The eldest daughter, a straight-A high school senior, talked about how she and the other children went to the fields with their parents from about age 5, not just because there wasn't any place else for them to go but because the little bit of money they earned was needed for the family. Up at 3 a.m., two hours on a bus to the fields, work until sundown, two hours home, then to bed by 10 or 11 and up again the next day at 3 to start all over.
School came second to the exigencies of migrant work; they often left school long before the end of the academic year and didn't get back until long after the start of the next one. The daughter and her brother, a year or so younger, had persevered, but it was hard, very hard.
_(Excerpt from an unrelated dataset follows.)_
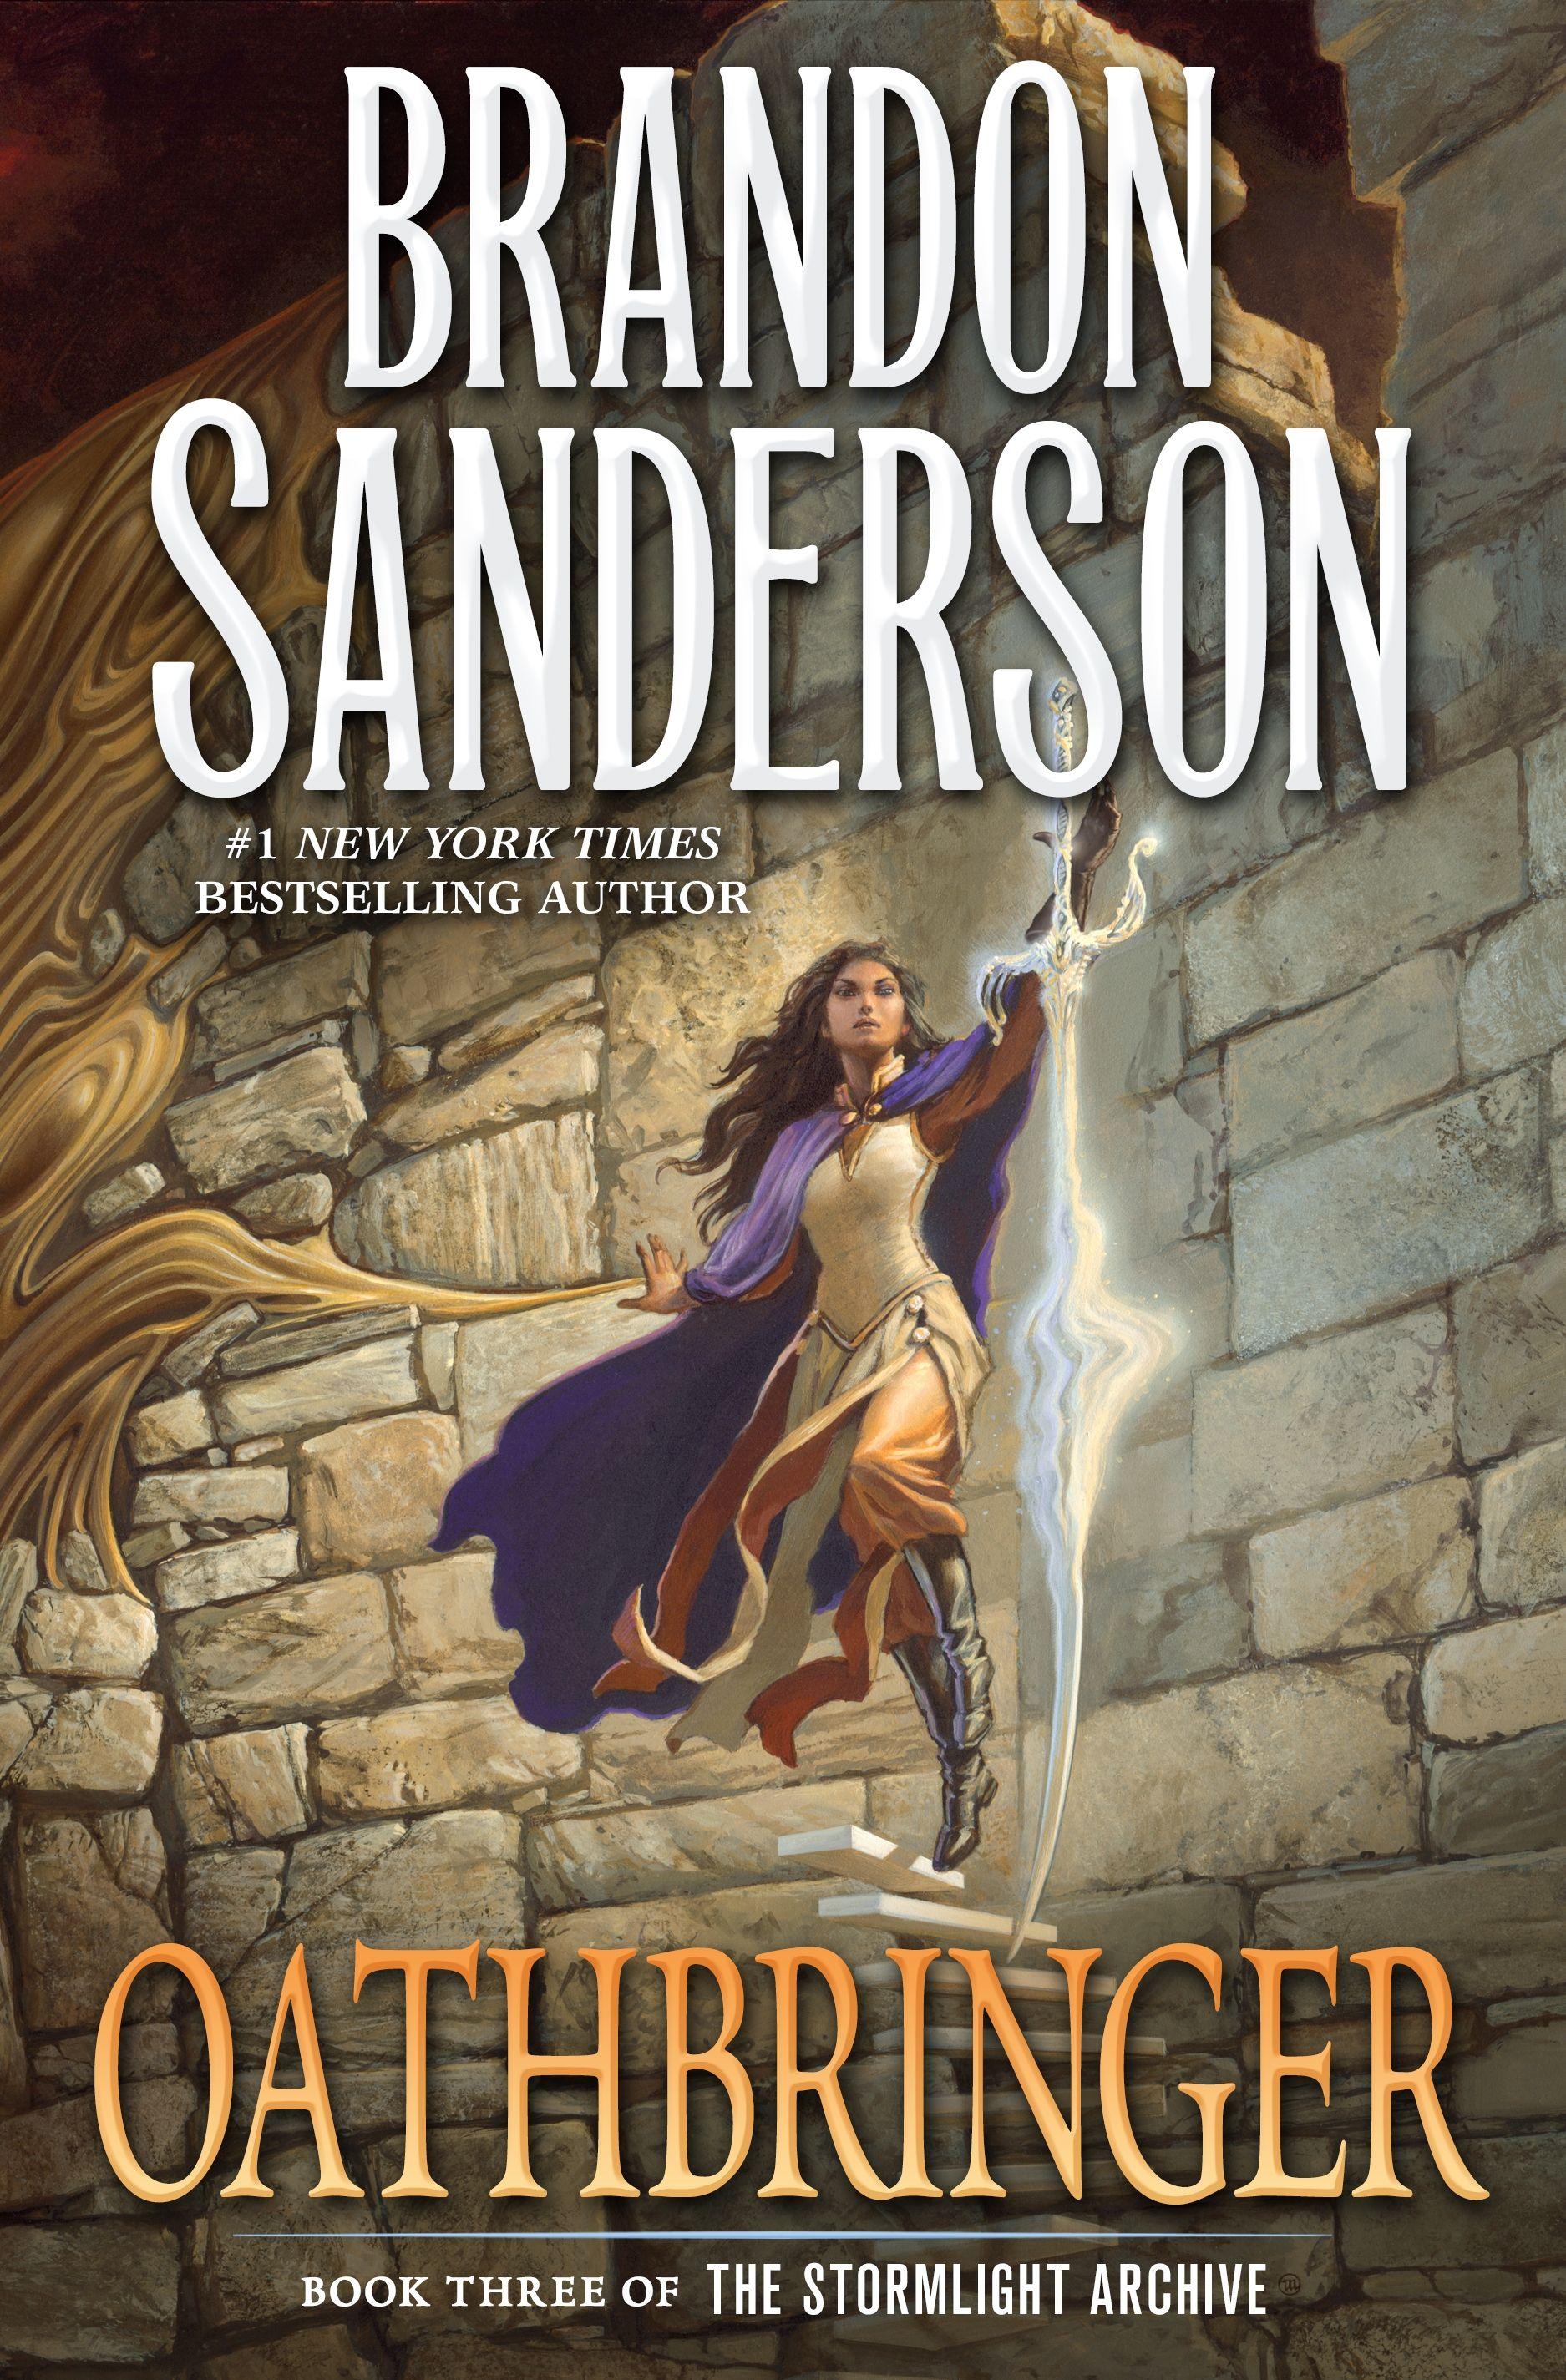 Brandon Sanderson Oathbringer Awordfromjojo Fantasy Epicfantasy Brandonsanderson Libros De Ficción Títulos De Películas Pdf Libros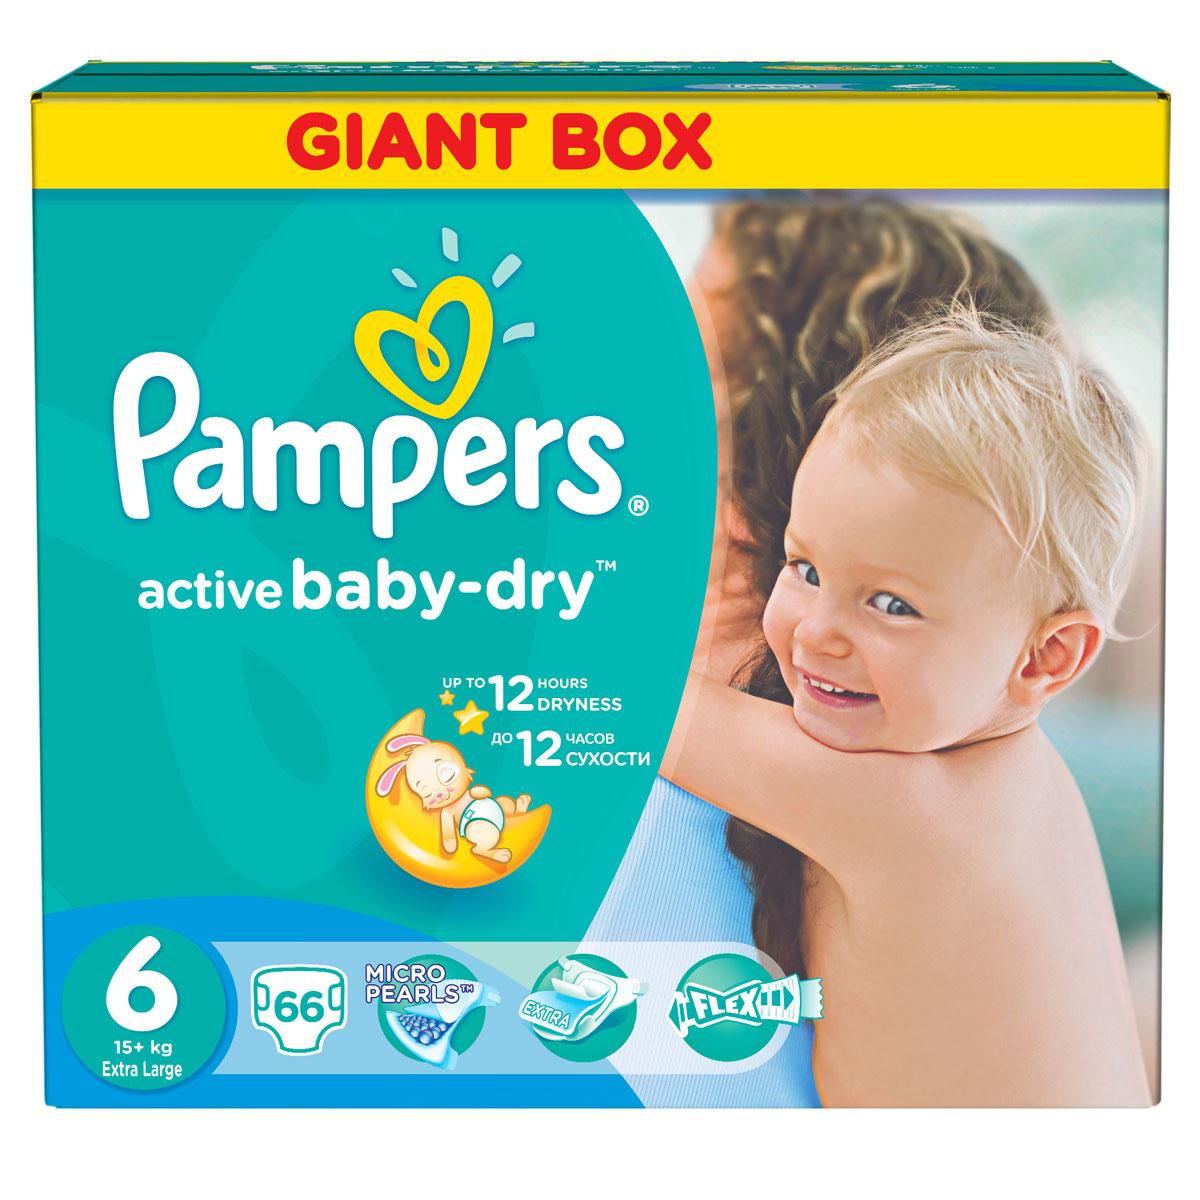 Pampers Подгузники Active Baby-Dry от 15 кг (размер 6) 66 штPA-81528070Подгузники Active Baby-Dry до 2х раз суше, чем обычный подгузник. Для каждого доброго утра нужно, до 12 часов сухости ночью. Вот почему подгузники Pampers Active Baby-Dry имеют жемчужные микрогранулы, которые впитывают влаги до 30 раз больше собственного веса и надежно удерживают ее внутри подгузника. Просыпайтесь радостно каждое утро с подгузниками Pampers New Baby-Dry. - Мягкий уникальный верхний слой моментально впитывает влагу с кожи. - Жемчужные микрогранулы впитывают влаги до 30 раз больше собственного веса. - Экстра слой абсорбирует жидкость и распределяет ее по подгузнику. - Тянущиеся боковинки разработаны, чтоб малышу было комфортно двигаться, а подгузник сидел плотно.

Unbelievably hard.
Finally came her senior year, and she begged to be allowed to stay in school rather than go with the family on the trek north to follow the crops. After much family discussion, they decided to stay, I think it was in Texas, so the kids could go to school. To make up for the lost wages, they all pitched in to help make underwear (hear that, Sara Lee????!!!! :grr:) to sell to their neighbors. They could make about $100 a week -- remember, they're selling to fellow working-poor families who aren't able to shell out $25 for a Victoria's Secret thong! (Is that how much VS thongs cost? Wouldn't know; have never shopped there and don't much care for thongs anyway.)
The point I'm trying to make, and probably not succeeding at, is that I think a lot of us just don't notice how much of our "prosperity" -- a closet full of clothes, a fridge full of fresh fruit, enough CDs that we could listen to a new one every hour for a year without hearing the same one twice -- comes at a high cost to some very invisible folks. When we do see it, we're appalled, but as long as we don't have to look, we don't have to think about it.
More important, we don't have to do anything about it.